Understanding depression and how to deal with it

Understanding depression and how to deal with it
a depressed man

 “I feel depressed.”

“You look depressed!”

These are statements that are quite common. You have either said it or heard it from someone, mostly when one is going through some difficult moments in their lives that make them feel stressed or unsettled. Are we justified in using the word ‘depressed’, or do we use it without knowing what exactly it means? What is depression?

Depression is one of the more common mental illnesses.

It occurs more in women than men (about 1.5 to 3 times more)

It may begin at any age, but onset is higher in early adolescence to mid- 20’s.

It is more frequent among people 18-29 years (three times).

What are the features of depression?

  • Mood changes: Sad, empty or irritable.
  • Decreased interest in previously pleasurable activities.
  • Fatigue or loss of energy
  • Feelings of inappropriate guilt or worthlessness
  • Indecisiveness or decreased concentration
  • Significant change in appetite and weight (increase or decrease)
  • Changes of sleep patterns, either increased or decreased sleep
  • Changes in activity: either agitation or decreased activity
  • Recurrent thoughts of death or suicidal ideas or attempts

Severity

The above features can be broadly classified as mild, moderate and severe, depending on the intensity and duration. In major depressive disorder, the more severe form of depression, the symptoms occur nearly every day over a period of two weeks and often cause a debilitation of functioning in the person’s life, be it day to day activities, personal relationships, education or at their places of employment.

What are the causes of depression?

Multiple factors are thought to play a role in the developments of depression.
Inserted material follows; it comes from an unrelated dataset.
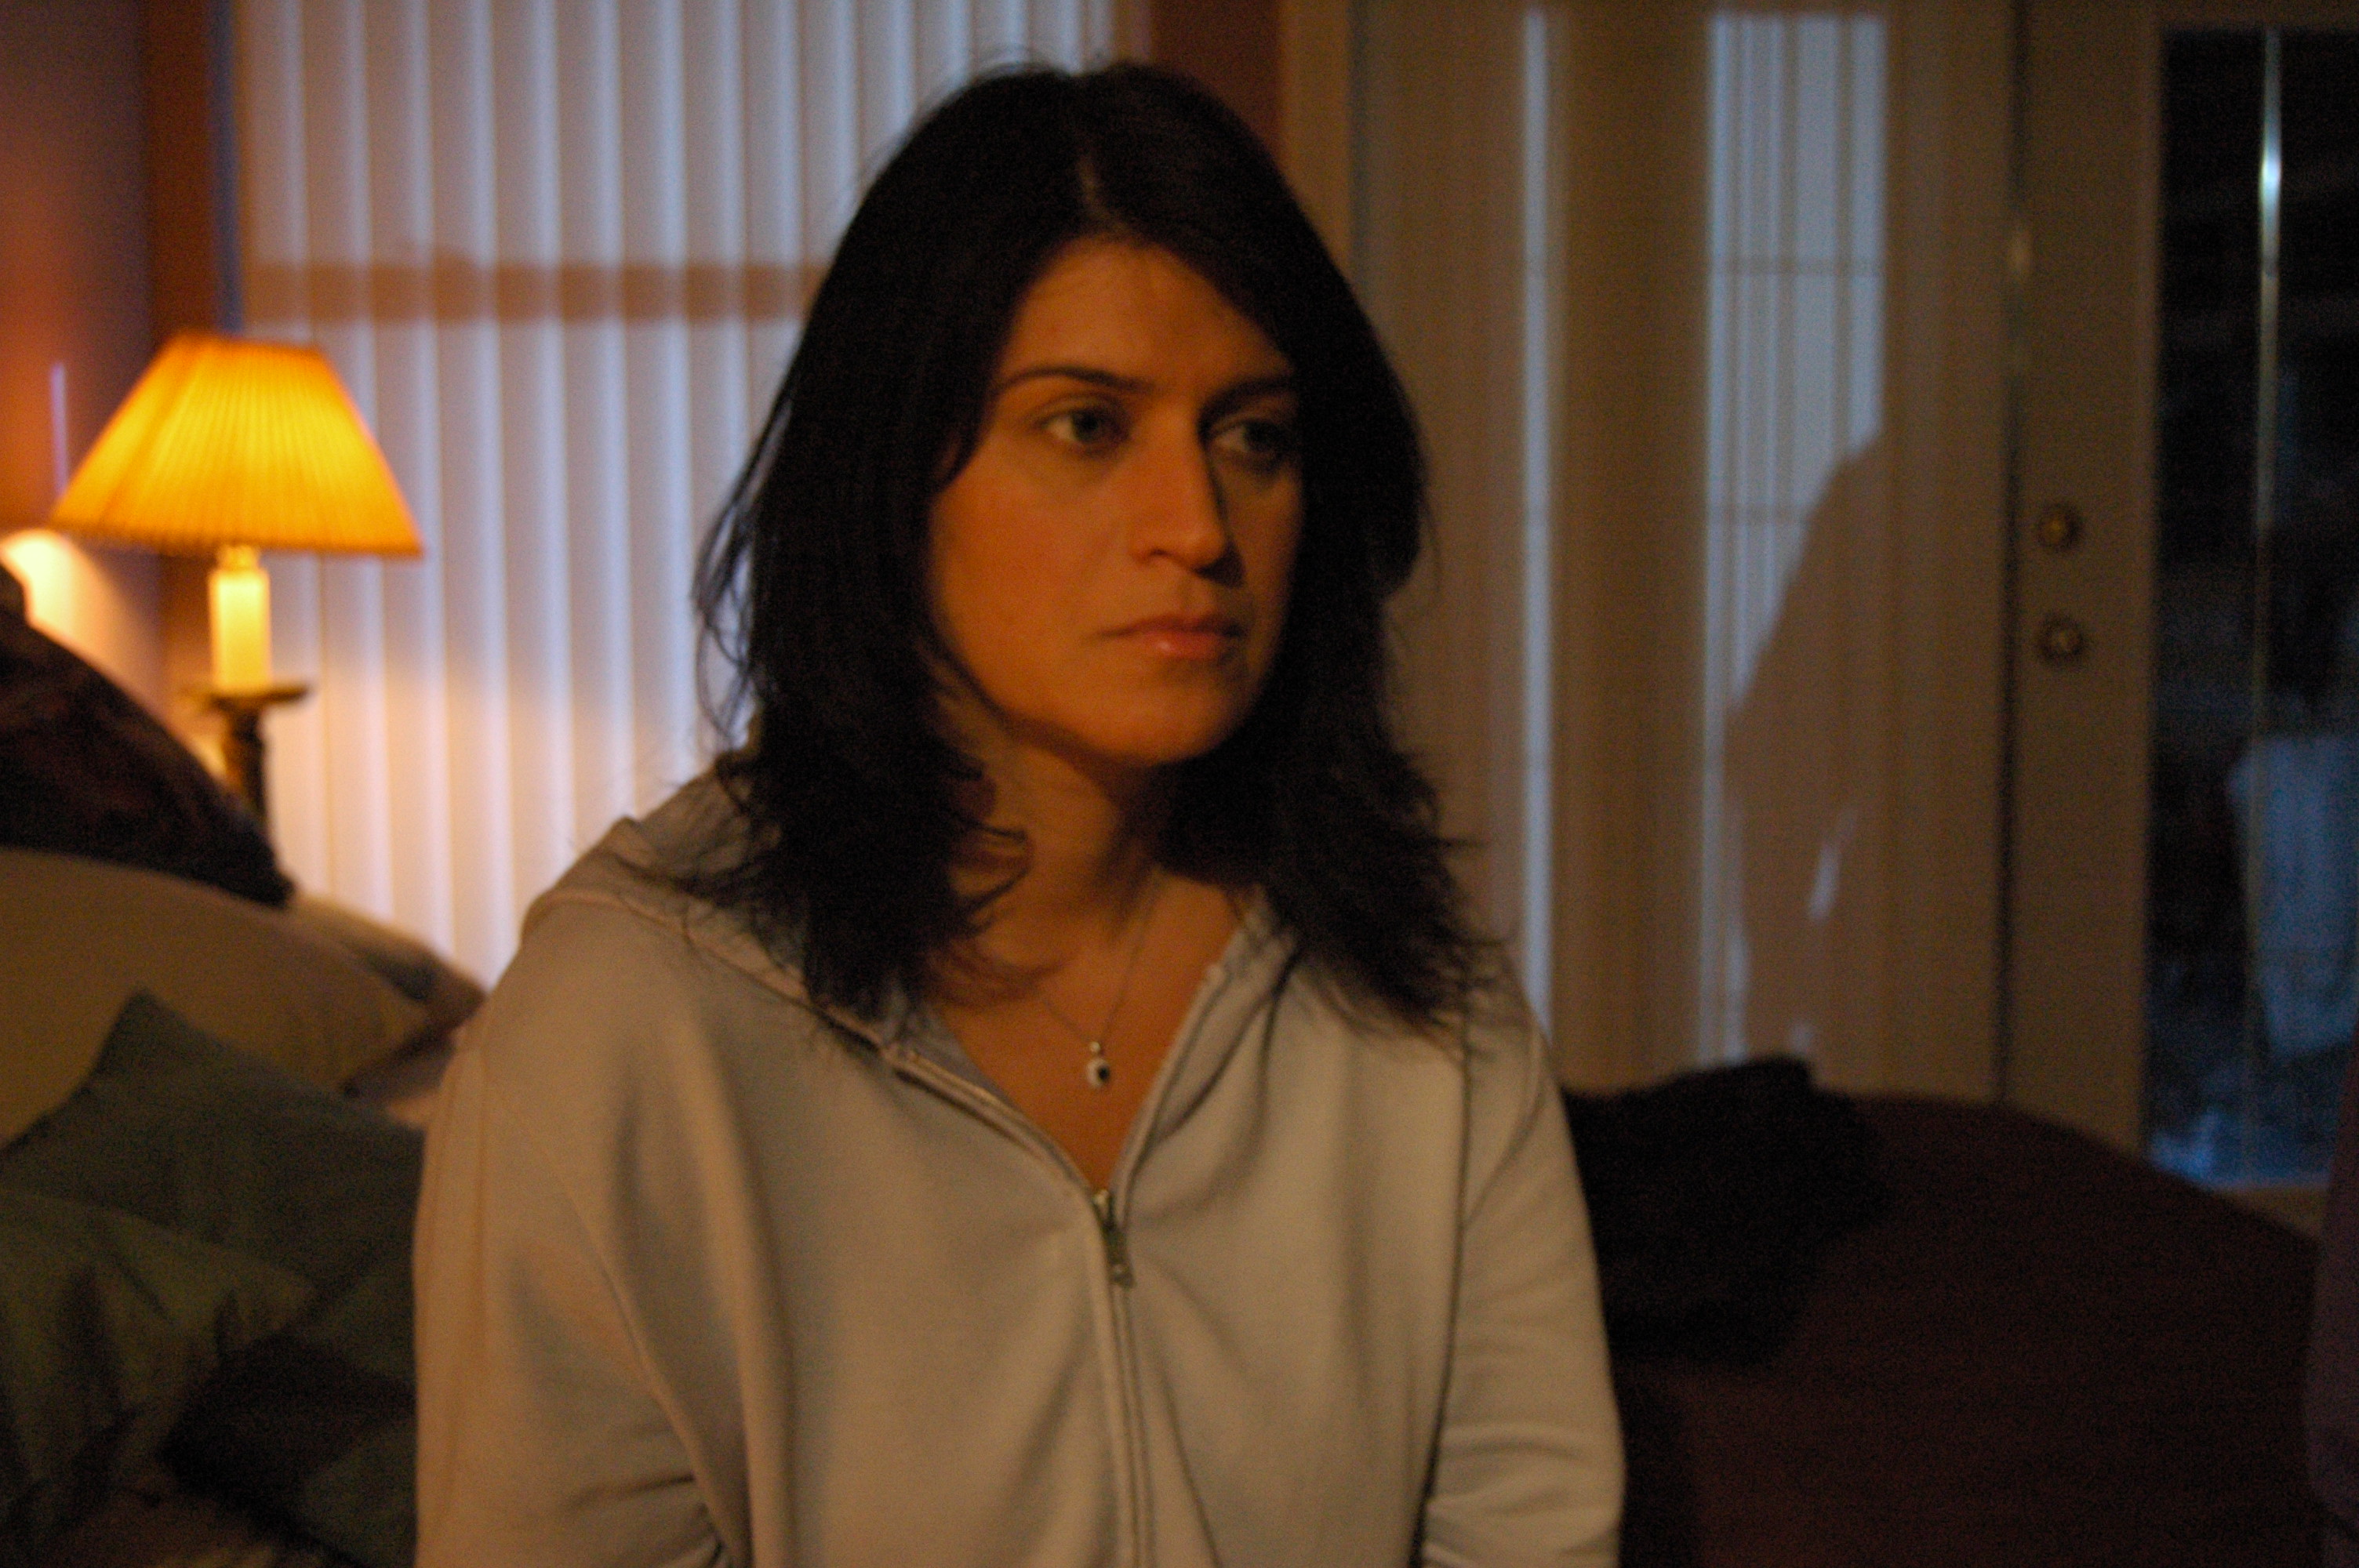 Iris Paluly as Anne in the short film 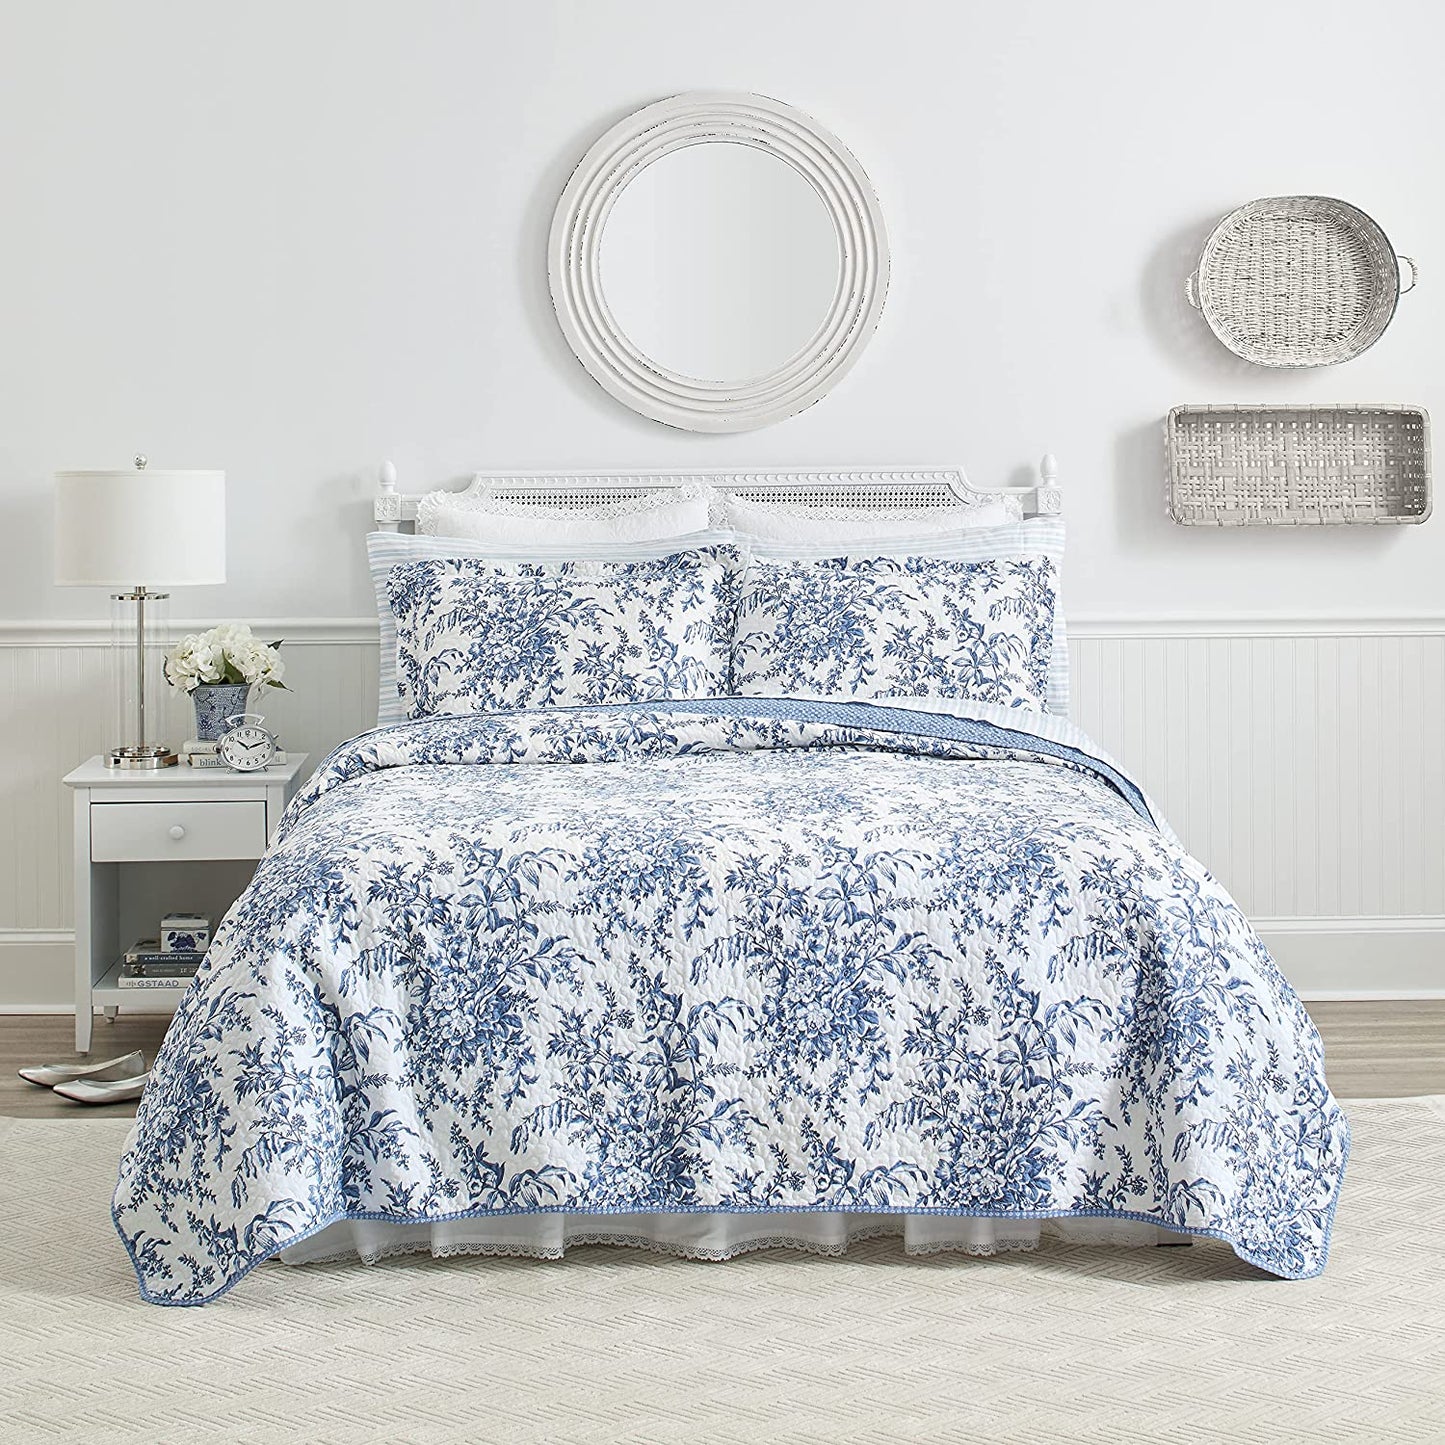 Pure cotton Lightweight Casual Coastal Style 3 Pieces Quilt Set with 2 Pillowcases

One school of thought fronts the biopsychosocial model which says that biological, psychological and social factors contribute to depression. Biological factors include hereditary genes/ traits, imbalance of hormones and defective brain chemical messengers (called neurotransmitters).

Psychological factors include severe trauma (emotional, physical or sexual), early loss- such as that of a parent neglect, and poor ability to relate to others. Social factors include dysfunctional family relationships, death of a loved one, divorce, changing school/jobs and substance use.

Another proposes that we all have in us an inborn vulnerability that makes us susceptible to developing mental illnesses, but that it varies from one individual to the next. People with higher vulnerability are more likely to develop depression when exposed to less amounts of stress than those with less susceptibility. An easy way to illustrate this model would be using a rubber band, if tightly wound (more vulnerable) it easily snaps (depression) when stress is applied to it, as opposed to looser band (less vulnerability).

How is depression treated?

Treatment is individualized, and your mental health care giver will be able to give you your treatment options after examining you and making a diagnosis. The options available are:

  • Anti-depressant medications, which are of several types, the newer ones having fewer side effects hence are more tolerable to take.
  • Psychological treatment (psychotherapy).
  • Physical treatments such as Electroconvulsive treatment (ECT), especially for severe life-threatening depression, or symptoms that are not responding to other treatment.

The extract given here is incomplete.